About the Desjardins Group Pension Plan

The Desjardins Group Pension Plan, acting through its Retirement Committee, 
provides a defined benefit pension plan to more than 57,000 beneficiaries. 
With $8.3 billion in net assets at the end of 2013, the Desjardins Group 
Pension Plan ranks 8th among private pension plans in Canada. As of the end of 
2013, the market value of its infrastructure portfolio was $800.0 million.

About Innergex Renewable Energy Inc.

Innergex Renewable Energy Inc. (TSX: INE) is a leading Canadian independent 
renewable power producer. Active since 1990, the Company develops, owns and 
operates run-of-river hydroelectric facilities, wind farms and solar 
photovoltaic farms and carries out its operations in Quebec, Ontario and 
British Columbia and in Idaho, USA. Its portfolio of assets currently consists 
of: (i) interests in 33 operating facilities with an aggregate net installed 
capacity of 687 MW (gross 1,194 MW), including 26 hydroelectric operating 
facilities, six wind farms, and one solar photovoltaic farm; (ii) interests in 
five projects under development or under construction with an aggregate net 
installed capacity of 210 MW (gross 321 MW), for which power purchase 
agreements have been secured; and (iii) prospective projects with an aggregate 
net capacity totaling 2,900 MW (gross 3,125 MW).
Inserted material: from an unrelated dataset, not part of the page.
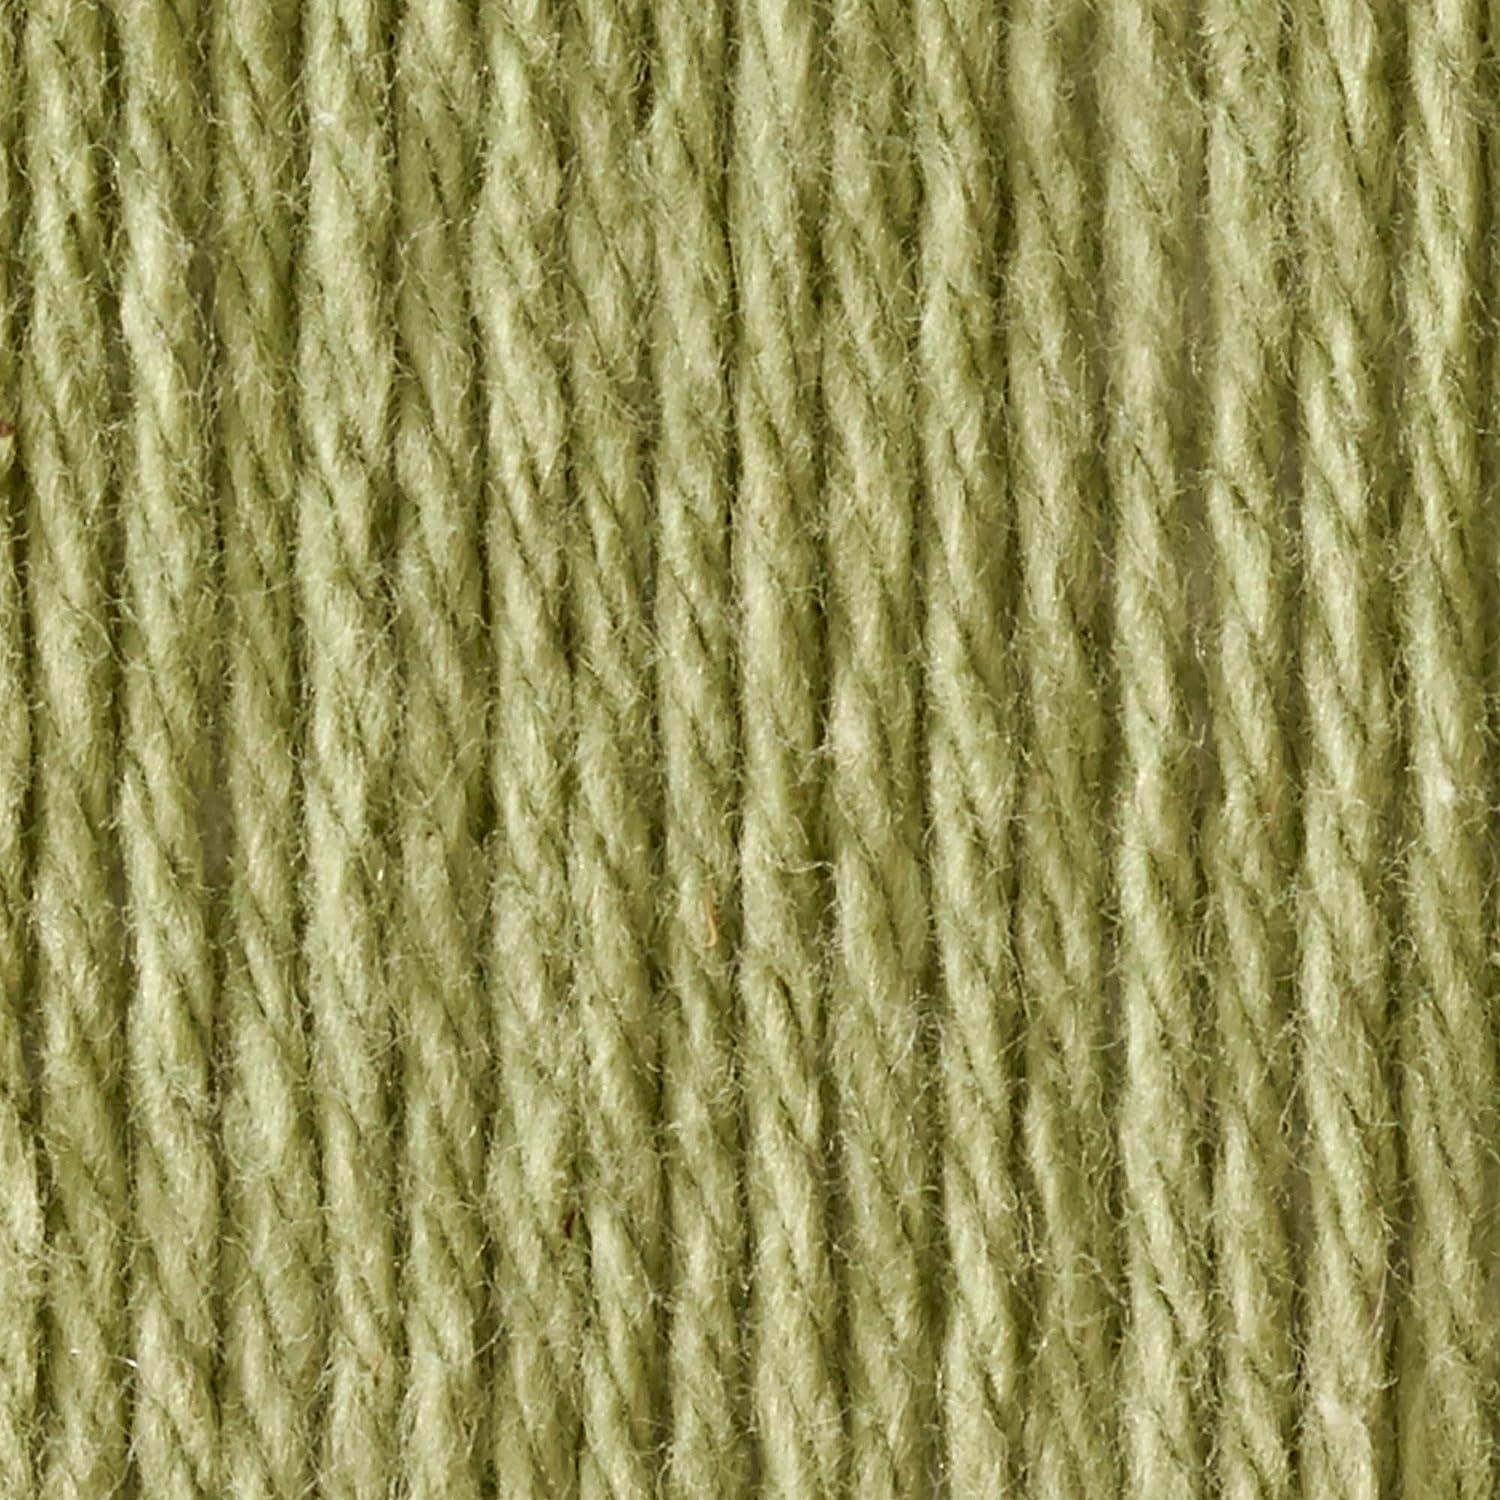 Lily Sugar 'N Cream The Original Solid Yarn 2.5oz Medium 4 Gauge 100%  Cotton - Sage Green - Machine Wash & Dry

Innergex Renewable Energy 
Inc. is rated BBB- by S&P and BB (high) by DBRS (unsolicited rating).

The Corporation's strategy for building shareholder value is to develop or 
acquire high-quality facilities that generate sustainable cash flows and 
provide a high return on invested capital, and to distribute a stable dividend.

Non-IFRS Measures

Readers are cautioned that Adjusted EBITDA, Free Cash Flow and Payout Ratio 
are not measures recognized by International Financial Reporting Standards 
(IFRS) and have no meaning prescribed by it, and therefore may not be 
comparable to those presented by other issuers. Innergex believes that these 
indicators are important, as they provide management and the reader with 
additional information about the Corporation's production and cash generation 
capabilities, its ability to sustain current dividends and dividend increases 
and its ability to fund its growth. These indicators also facilitate the 
comparison of results over different periods. References to "Adjusted EBITDA" 
are to revenues less operating expenses, general and administrative expenses 
and prospective project expenses. References to "Free Cash Flow" are to cash 
flows from operations before changes in non-cash operating working capital 
items, less maintenance capital expenditures net of proceeds from disposals, 
scheduled debt principal payments, preferred share dividends declared and the 
portion of Free Cash Flow attributed to non-controlling interests, plus cash 
receipts by the Harrison Hydro L.P. for the wheeling services to be provided 
to other facilities owned by the Corporation over the course of their power 
purchase agreement, plus or minus other elements such as transaction costs 
related to realized acquisitions (which are financed at the time of the 
acquisition) and realized losses or gains on derivative financial instruments 
used to hedge the interest rate on project-level debt. References to "Payout 
Ratio" are to dividends declared on common shares divided by Free Cash Flow. 
Readers are cautioned that Adjusted EBITDA should not be construed as an 
alternative to net earnings and Free Cash Flow should not be construed as an 
alternative to cash flows from operating activities, as determined in 
accordance with IFRS.

Forward-looking information

In order to inform readers of the Corporation's future prospects, this press 
release contains forward-looking information that can generally be identified 
by the use of words such as "projected", "potential", "expect", "will", 
"should", "estimate", "forecasts", "intends", or other comparable terminology 
that states that certain events will or will not occur. It represents the 
estimates and expectations of the Corporation relating to future results and 
developments as of the date of this press release. It includes future-oriented 
financial information, such as estimated electricity production, revenues and 
Adjusted EBITDA, estimated capital improvement program, contribution to Free 
Cash Flow and reduction in the Payout Ratio, to inform readers of the 
potential financial impact of acquiring the SM-1 hydroelectric facility. Such 
information may not be appropriate for other purposes.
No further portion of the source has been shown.